У двери в аудиторию толпились абитуриенты.
- Кто последний? - спросил я. Мне никто не ответил. Я повторил вопрос.
- Хочешь, - иди, - сказал прыщавый субъект и уткнулся в книгу.
Я вошёл. В аудитории меня поджидали три преподавателя. Больше не было никого. Я понял, что влип, но отступать было поздно. Взял билет, подготовился и стал рассматривать будущих мучителей. В том, что меня ожидают мучения, не сомневался. Пожилой, явно главный, сидел у раскрытого окна и курил. Два других - гораздо моложе, что-то говорили ему по-туркменски. Потом, один из них, прервав беседу, поинтересовался:
- Там, за дверью, больше никого нет?
- Почему же нет? Полным-полно.
- Обосрались! - сказал по-русски башлык и добавил что-то - по-своему. Они захохотали. Особенно громко выражал свои чувства тот, что заговорил со мной, - взвизгивал по-бабьи, и, приседая, шлёпал ладонями по коленям. Наконец, угомонившись, подозвал меня: "Иди сюда", мельком посмотрел в листок, протянутый мною, отложил в сторону и, закурив, стал задавать вопросы. Конечно же, из одиннадцатилетнего курса.
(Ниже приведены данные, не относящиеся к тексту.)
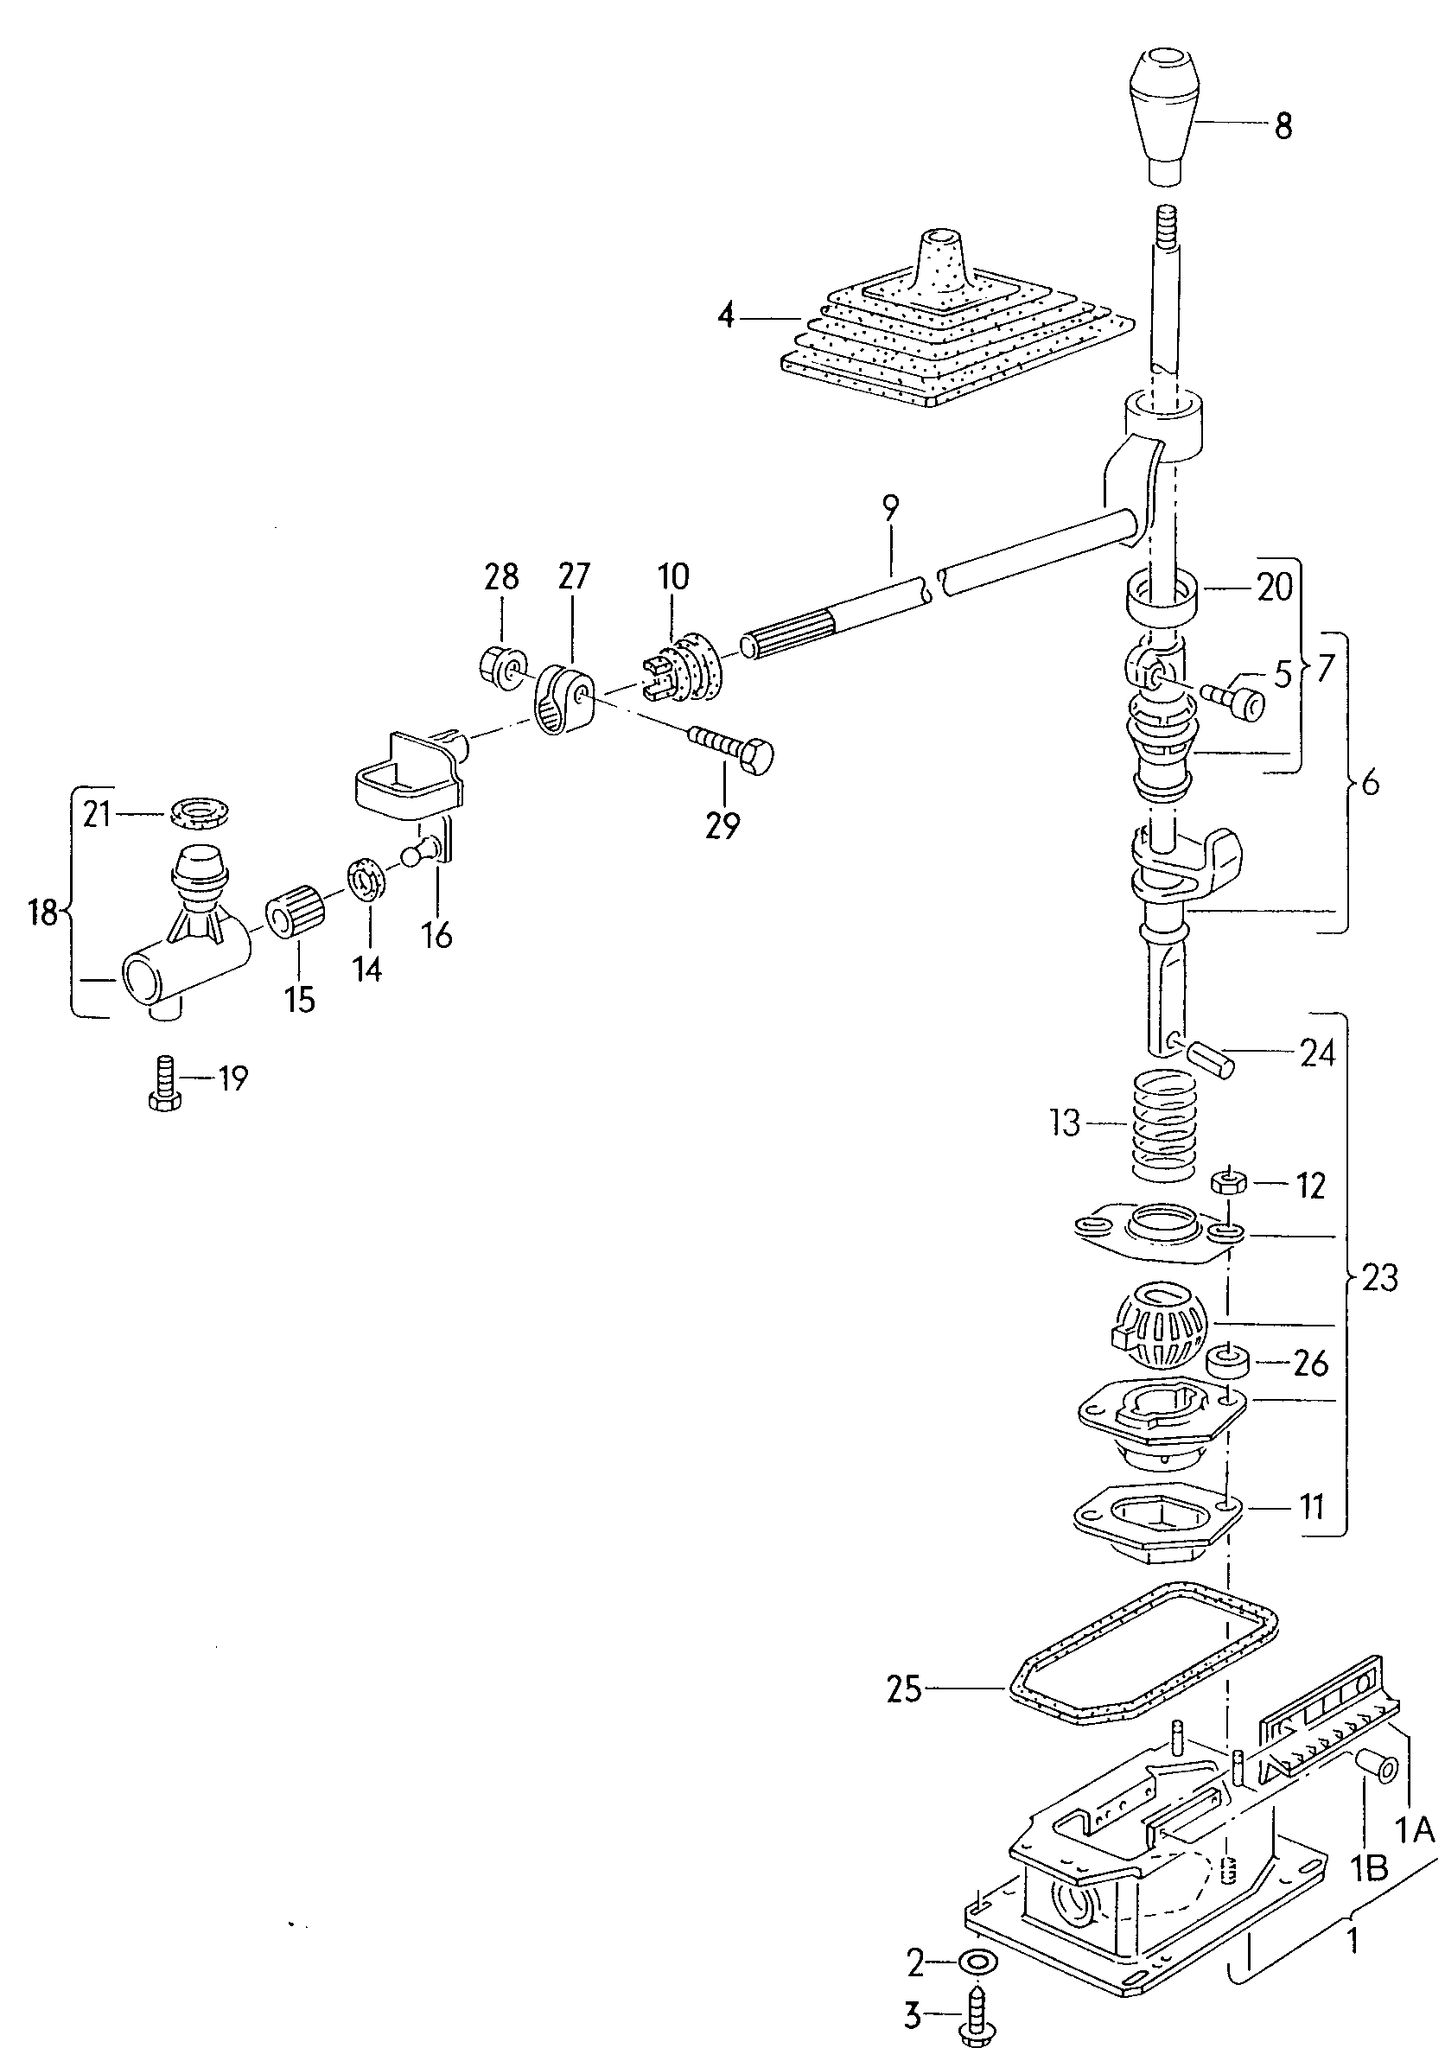 120-000 Golf mk2 selector mechanism manual gearbox 1.05/1.3ltr.

Дым ел глаза, запах его был мне неприятен (я ещё не курил). От негодования, я напрягся - разве, что не звенел, но голова, работала чётко, стрекотала как контроллер и выдавала нужные ответы.
Он выдохся, а, может быть, выгорела сигарета; встал, чтобы выкинуть окурок, и его сменил другой. Стало немного легче - вопросы повторялись, хотя конец экзекуции маячил где-то в тумане.
В аудиторию никто не входил.
Я не знал, сколько времени длился допрос, впрочем, это уже не имело значения. Инерция сохраняла ритм, отсутствие пауз помогало мне несказанно.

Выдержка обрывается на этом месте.